Analyzing firewall field datasets is a massive undertaking in itself. This work is dependent on firewall vendor version releases (e.g., FortiOS 7.2 → 7.4 → 7.6), each introducing new log fields, deprecated fields, and schema changes. Additionally, each firewall vendor has specific needs — FortiGate fields differ significantly from Palo Alto PAN-OS, and both require dedicated tooling to scrape, normalize, and maintain over time. As such, field schema analysis has been migrated to two dedicated repositories.

FLORES — FortiGate Log Reference Scraper

FLORES extracts FortiGate log field documentation from Fortinet's official Log Message Reference and transforms it into structured CSV datasets. It covers all three log types (Traffic, Event, UTM) across FortiOS major versions (7.2, 7.4, 7.6) and produces:

  • Per-LOGID CSVs — raw field tables scraped directly from Fortinet docs
  • Consolidated field CSVs — aggregated across all minor versions per log type
  • ECS mappings — FortiGate fields mapped to Elastic Common Schema targets
  • Changelogs and field matrices — tracking schema evolution between minor versions

FLASI's ELK/elasticsearch_mappings.py fetches the consolidated CSVs from this repo to generate Elasticsearch component templates.
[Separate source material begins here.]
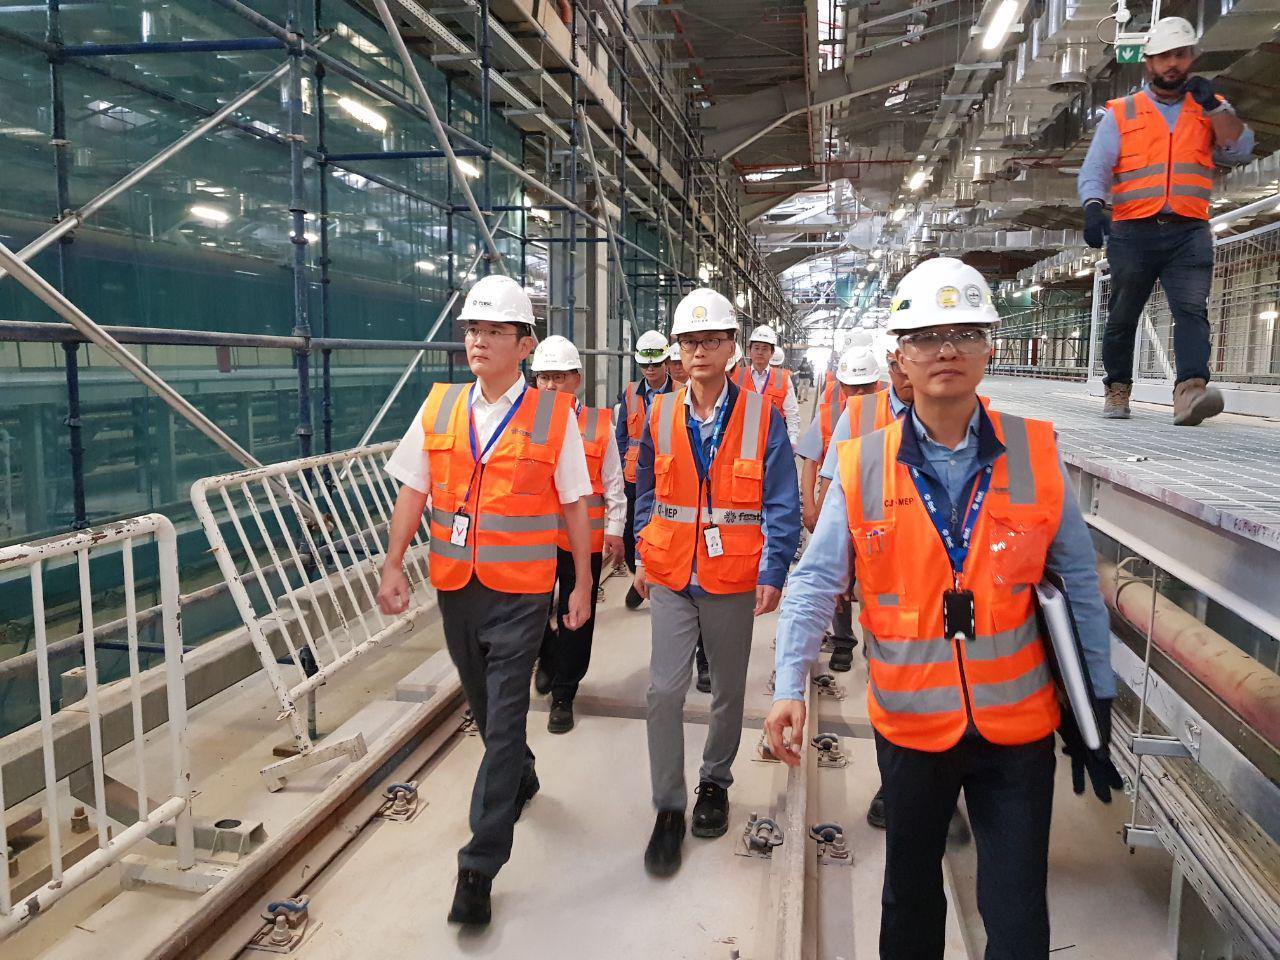 Samsung heir Lee Jae-yong walks through a construction site of a subway line by Samsung C&T in Riyadh, Saudi Arabia, on Sunday. (Samsung Electronics)

PALOS — PAN-OS Log Scraper

PALOS extracts Palo Alto Networks PAN-OS syslog field documentation from the official docs site and transforms it into structured CSV datasets. It covers 17 log types (Traffic, Threat, URL Filtering, Decryption, GlobalProtect, and more) for PAN-OS 11.1+ and produces:

  • Format CSVs — the raw comma-separated format string as PAN-OS documents it, plus a snake_case variable name version
  • Field CSVs — the full field reference table with variable names extracted and normalized
  • Consolidated matrices — field × log type occurrence across all scraped types
  • ECS mappings — PAN-OS fields mapped to Elastic Common Schema targets

Both repos include corrections for documentation inconsistencies in their respective vendor sources, catalogued in their EDGE_CASES.md / ANALYSIS.md files.